The Momentum Fallacy

Newton’s first law of motion states that an object either remains at rest or continues to move at a constant velocity, unless acted upon by a force. This law is applicable to organizations as well and is called the momentum fallacy.

Quitting an organizational habit—such as fixed meeting schedules or rigid reporting structures—is a deliberate and conscious activity that doesn’t come naturally . Once an object or activity is in motion, it takes a lot of effort to stop it.

We see examples of the momentum fallacy everywhere. Take for example the Mini car. When the Mini was developed in the 1950s, an important design consideration was low cost. Thus, to paint the car, the chassis would be held in the air by a pole that protruded from the back to the front of the car. This pole caused a hole in the middle of the dashboard. The design engineers were classical pragmatists and decided to use this hole to fit the instrument cluster. Thus, the iconic design feature of having an instrument cluster, not in front of the driver, but in between the driver and passenger, was born. 

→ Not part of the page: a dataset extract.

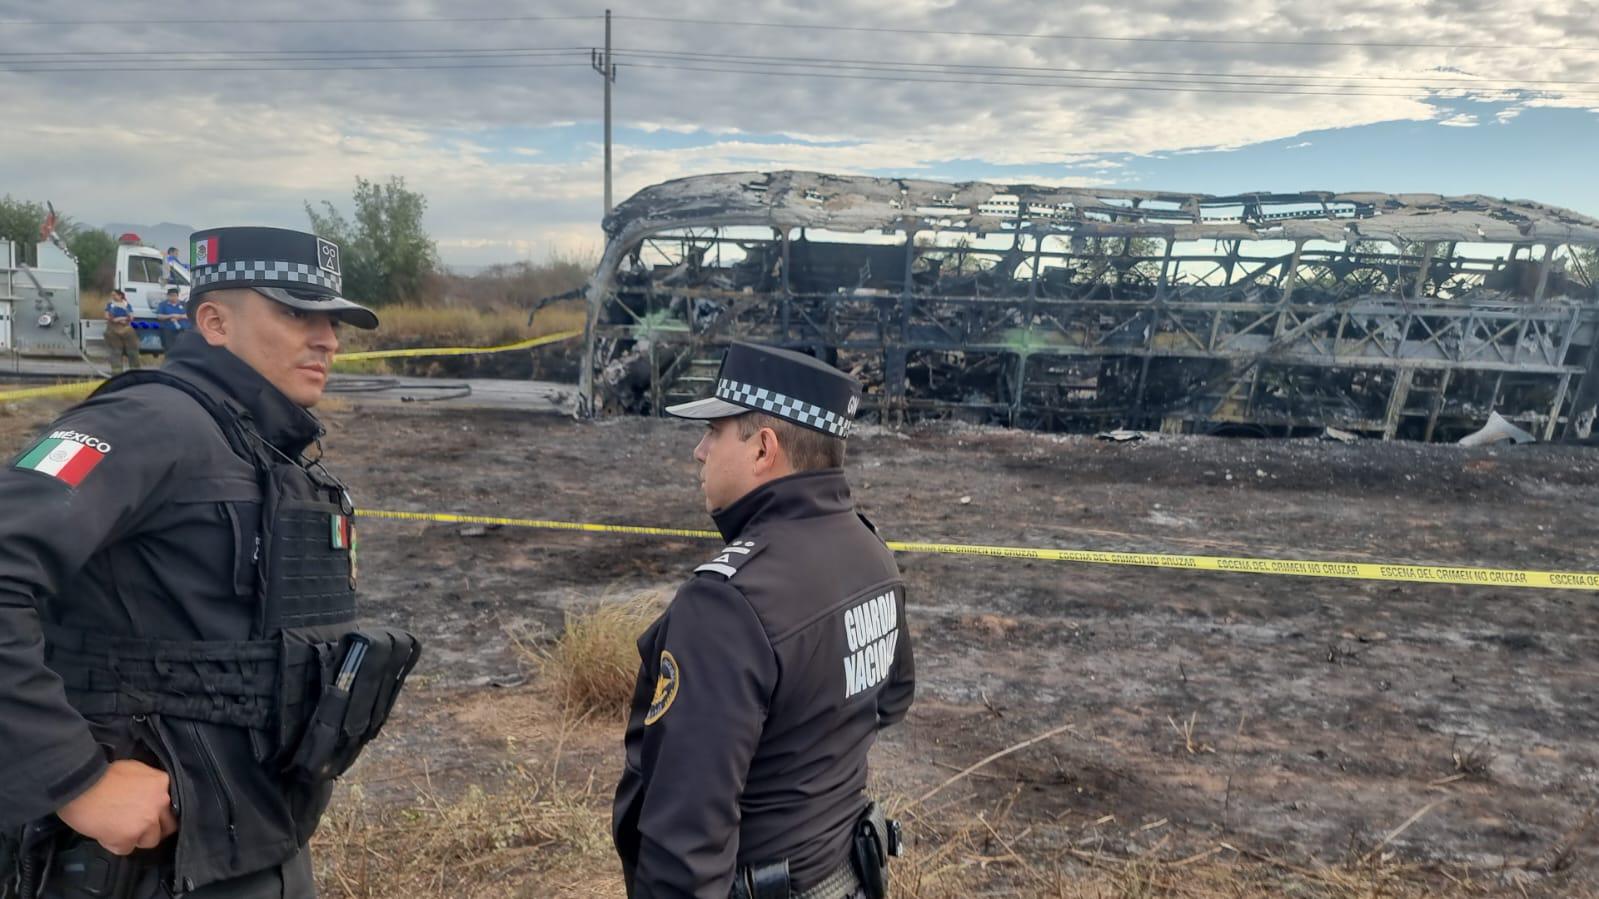 $!Choque entre camión de pasajeros y tráiler deja 22 muertos y 18 heridos en Elota
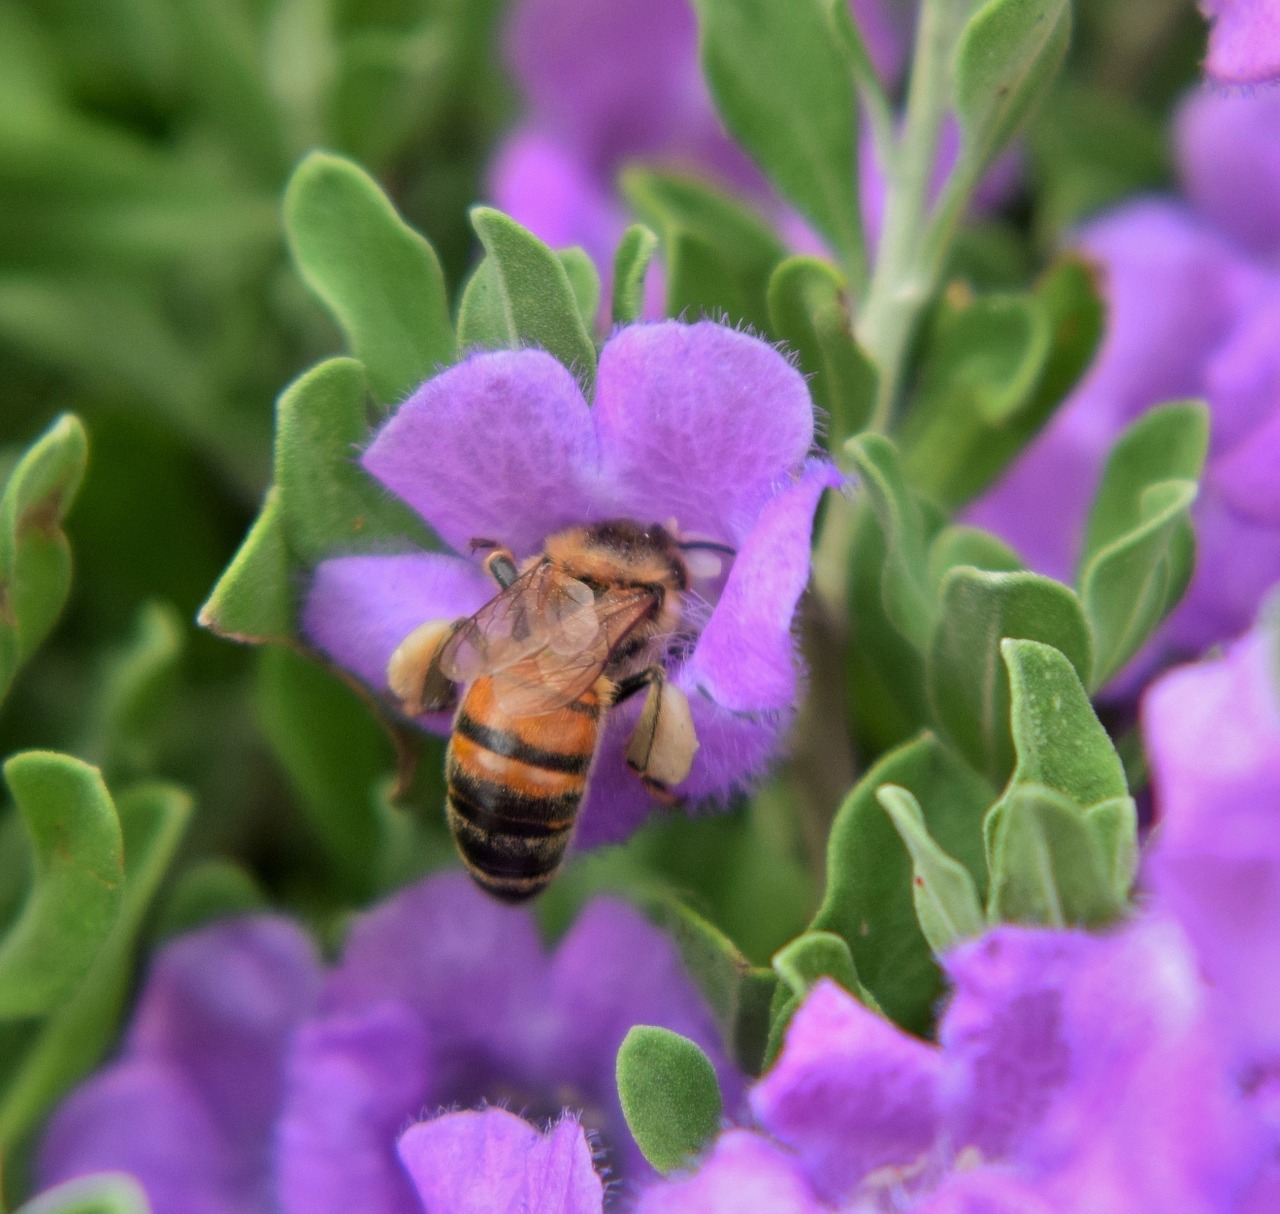 bee honey bee pollen free photo

Though this setup was arguably inferior to an instrument cluster placed in front of the driver, it has been enthusiastically copied in many other modern automobiles, despite the fact that current technologies have rendered the pole-painting technique obsolete. This example shows that behaviors and activities will last until long after the reason for having them to begin with has disappeared. 

Killing legacy activities is hard: This is why challenging assumptions is such an important activity for any organization.